If every time we think of a force we should think of a person, we should
see the world as the men and women who made the myths saw it. Everything
that moved, or made a sound, or flashed out light, or gave out heat was
a person to them; they could not think of the wind rushing through the
trees or the storm devastating the fields without out imagining someone
like themselves, only more powerful, behind the uproar and destruction,
any more than we can see a lantern moving along the road at night
without thinking instinctively that somebody is carrying it.

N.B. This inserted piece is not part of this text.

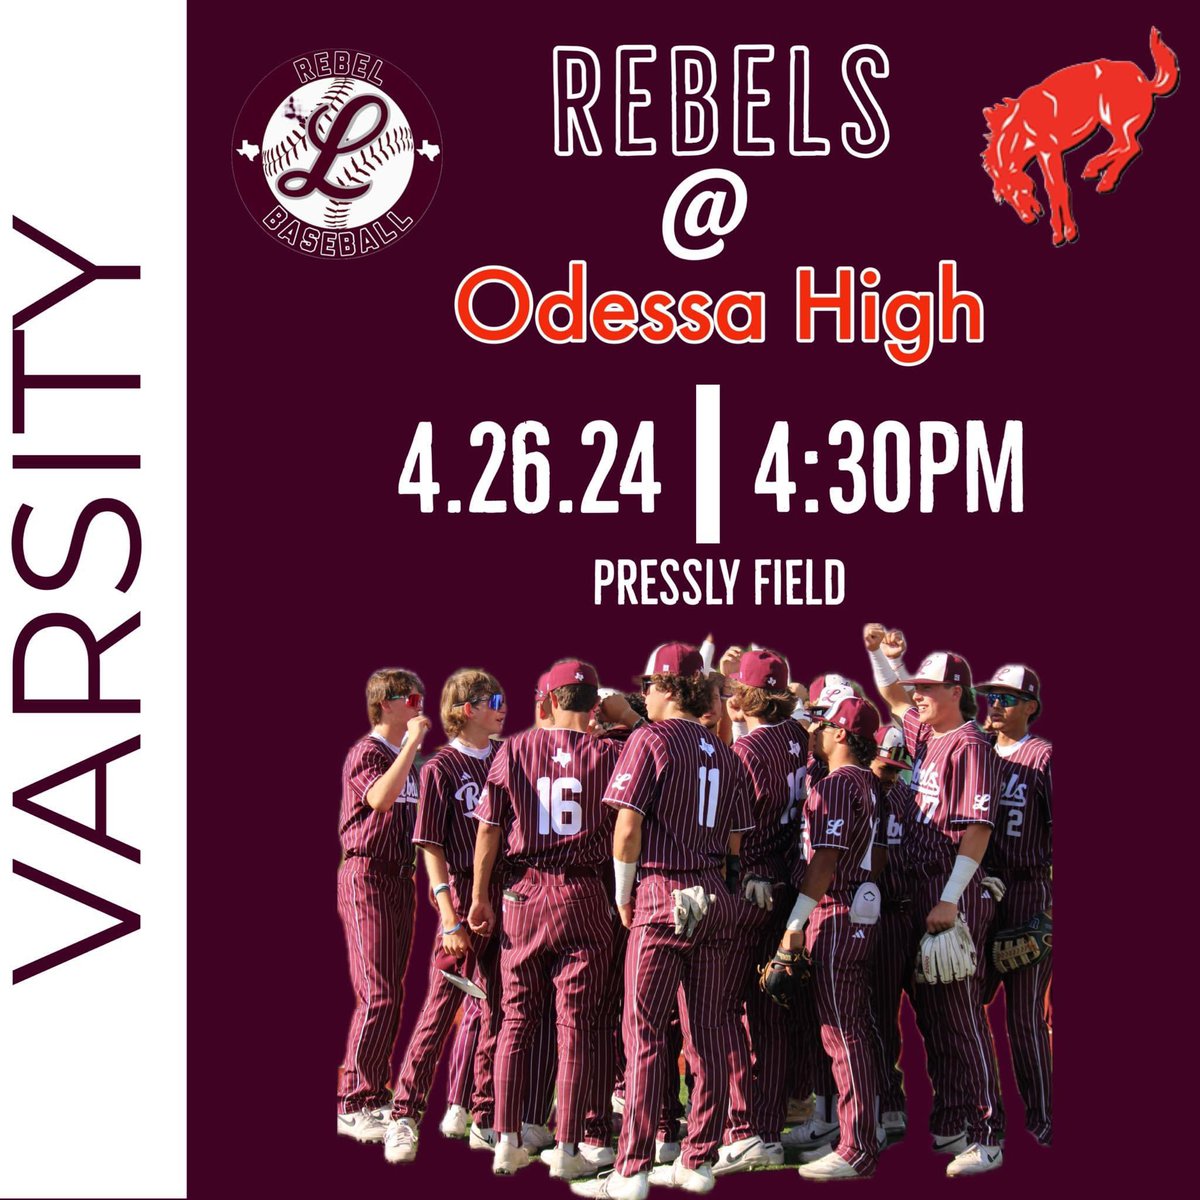 GAME DAY for Varsity Rebels as they continue their district series against OHS in Odessa! GAME 2 🆚: Odessa High Bronchos 🏟️: Pressly Field 🕟: 4:30pm GO REBELS!! #2024rebelbaseball

Our idea of the world is scientific because it is based on exact though
by no means complete knowledge; the myth-makers' idea of the world was
poetic because, with very incomplete knowledge, they could not imagine
how anything could be done unless it was done as they did things. When
the black clouds gather on a summer afternoon and roll up the sky in
great, terrifying masses, and the lightning flashes from them and the
crash of the thunder fills the air and the rain beats down the crops, we
feel as if we were in the laboratory of nature seeing a wonderful
experiment made; when our ancestors saw the same spectacle they were
sure that a great dragon, breathing fire and roaring with anger, was
ravaging the earth. As children to-day imagine that dolls are alive,
that fairies dance in moonlit meadows on summer nights, or beasts or
Indians make the sounds in the woods, so the people who made the myths
filled the world with creatures unlike themselves, but with something of
human intelligence, feeling and will.